= Patent roll =

Administrative document

The patent rolls (Rotuli litterarum patentium) are a series of administrative records compiled in the English, Irish, British and United Kingdom Chancery, running from 1201 to the present day.

==Description==
The patent rolls comprise a register of the letters patent issued by the Crown, and sealed "open" with the Great Seal pendent, expressing the sovereign's will on a wide range of matters of public interest, including – but not restricted to – grants of official positions, lands, commissions, privileges and pardons, issued both to individuals and to corporations. The rolls were started in the reign of King John, under the Chancellorship of Hubert Walter.
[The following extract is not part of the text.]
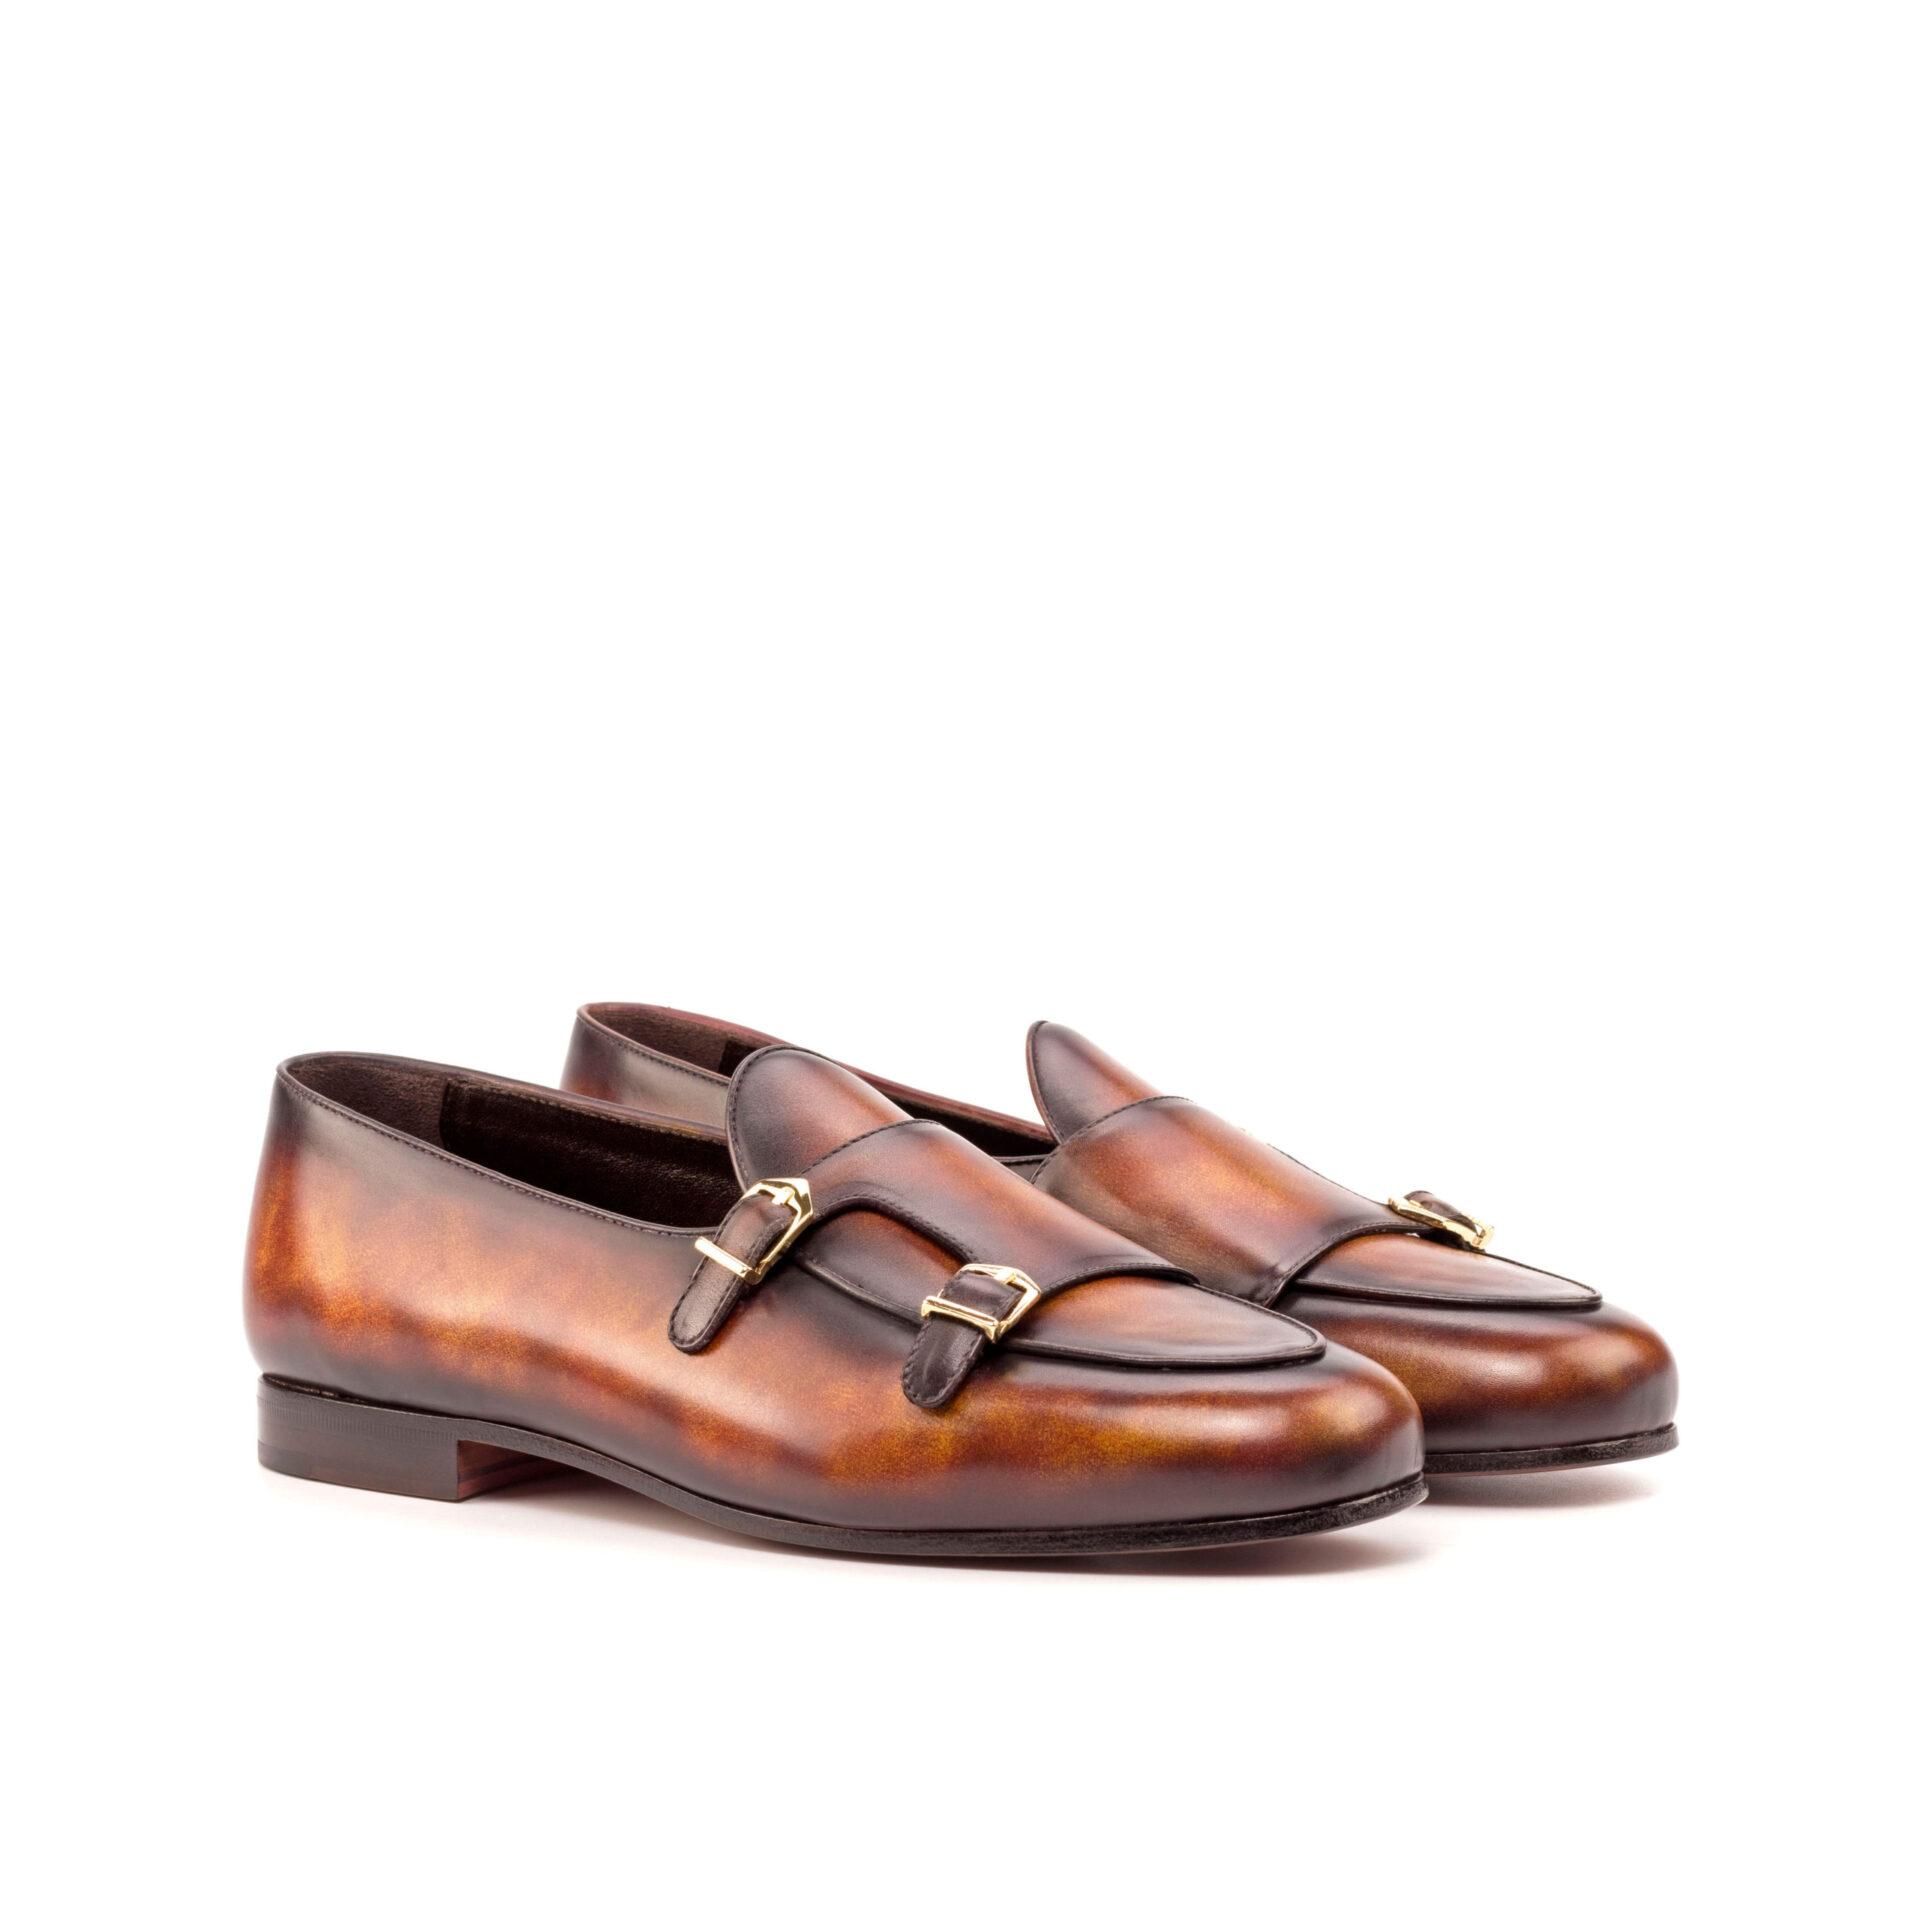 Handmade Patina Monk Slipper Shoe

The texts of letters patent were copied onto sheets of parchment, which were stitched together (head-to-tail) into long rolls to form a roll for each year. As the volume of business grew, it became necessary to compile more than one roll for each year.

The most solemn grants of lands and privileges were issued, not as letters patent, but as charters, and were entered on the separate series of Charter Rolls. This series was discontinued in 1516, and all charters issued thereafter, mainly for grants of titles, were entered on the patent rolls.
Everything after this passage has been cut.